Net migration is affected in low-productivity regions because higher minimum wages raise labor costs for local firms, reduce employment or working hours, discourage investments, and lower labor force participation. As a result, poorer regions lose jobs and economic prospects, increasing the outflow of youth to urban centers or abroad, while simultaneously becoming less attractive for new migrants.

Formalization may rise slightly, but it does not neutralize the negative effects of high costs, as firms remain influenced by informal practices and corruption. Even though higher minimum wages may push some firms toward formal compliance to avoid penalties, the effect is limited.
High labor costs encourage some small firms to seek alternative survival strategies, including partial wage reporting or administrative loopholes. Therefore, slight increases in formalization do not compensate for the pressure of high costs and the risk of declining employment.

Large, productive firms handle increases more easily, while small firms struggle.
In Albania, where over 95% of enterprises are micro or small, this is a serious warning.

Implications for Albanian policymaking

From the analysis of IMF findings and the realities of the Albanian market, several conclusions emerge:

  1. A single minimum wage does not reflect the country’s economic reality. Regional and sectoral disparities are too pronounced to justify a uniform approach.
  2. Large and rapid increases must be accompanied by active policies, such as:
    • training programs,
    • employment subsidies,
    • targeted support for low-income households,
    • fiscal relief for small firms.
  3. Sectoral or regional differentiation of the minimum wage should be considered, despite administrative challenges.
  4. Labor market monitoring after 2026 must be intensive, as real effects appear after 2–4 years.
  5. Emigration and labor force participation should be carefully observed, as they are key channels where minimum wage increases exert the strongest impact in developing countries.

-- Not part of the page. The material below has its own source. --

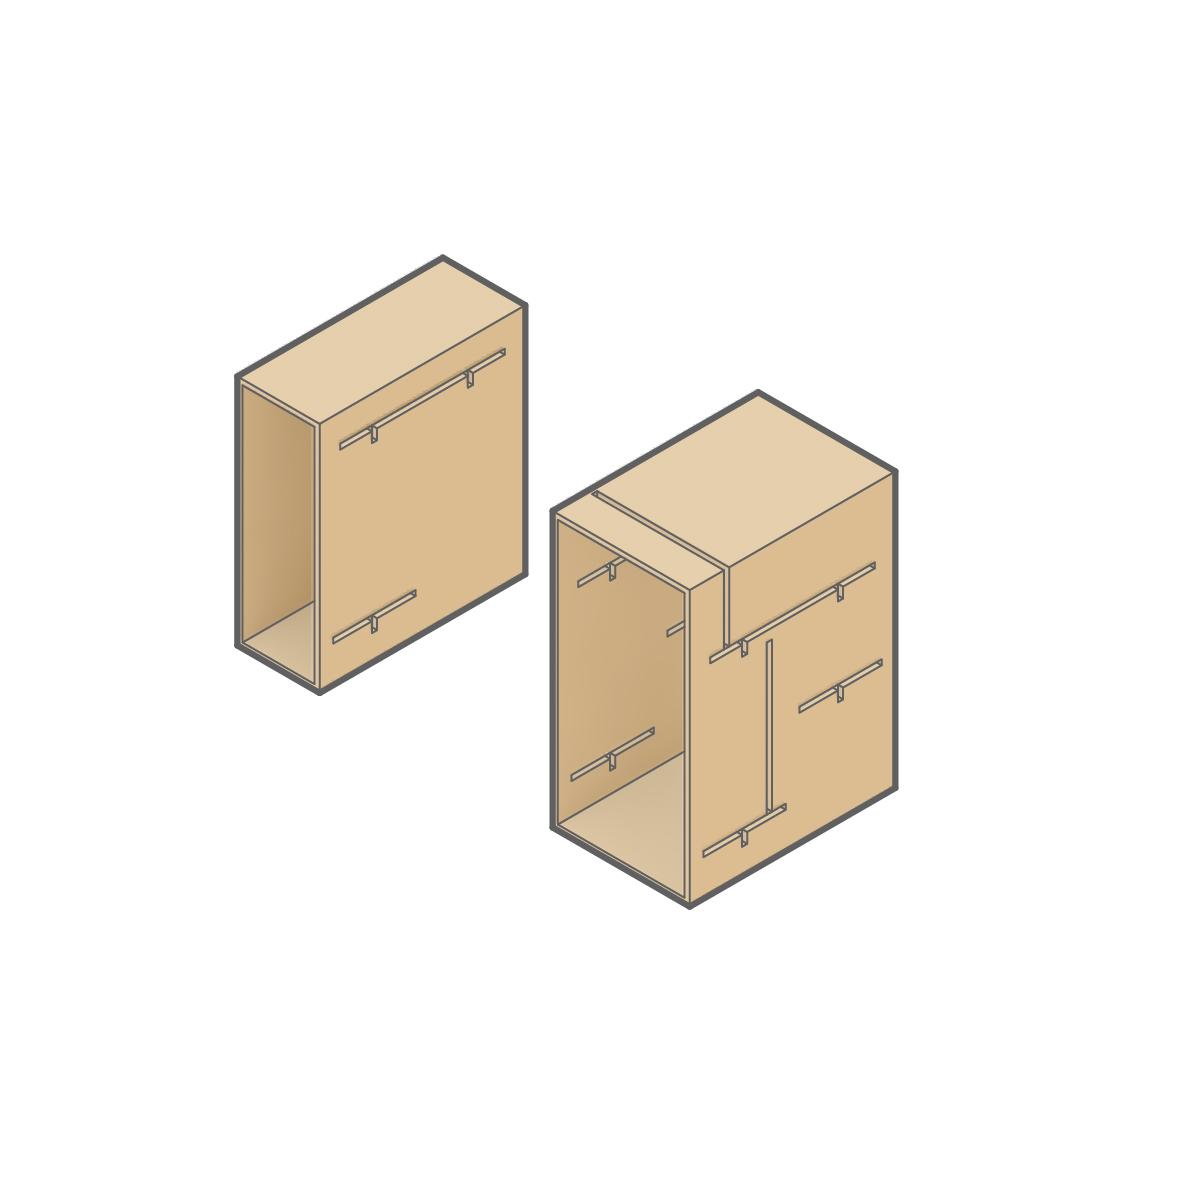 furniture-02.jpg

Raising the minimum wage is a powerful policy instrument, but it is not neutral.
It provides immediate relief for low-wage workers but generates increased pressure on the most fragile sectors and regions of the economy.
The IMF study makes it clear that the real impact emerges not in the first days, but after several years, when firms face accumulated costs and must make strategic decisions regarding investment, hiring, and survival.
For Albania, raising the minimum wage to 50,000 lek is a politically significant decision with profound economic effects. It offers immediate benefits but creates a horizon of risk that requires attention, accompanying policies, and careful labor market analysis in the coming years.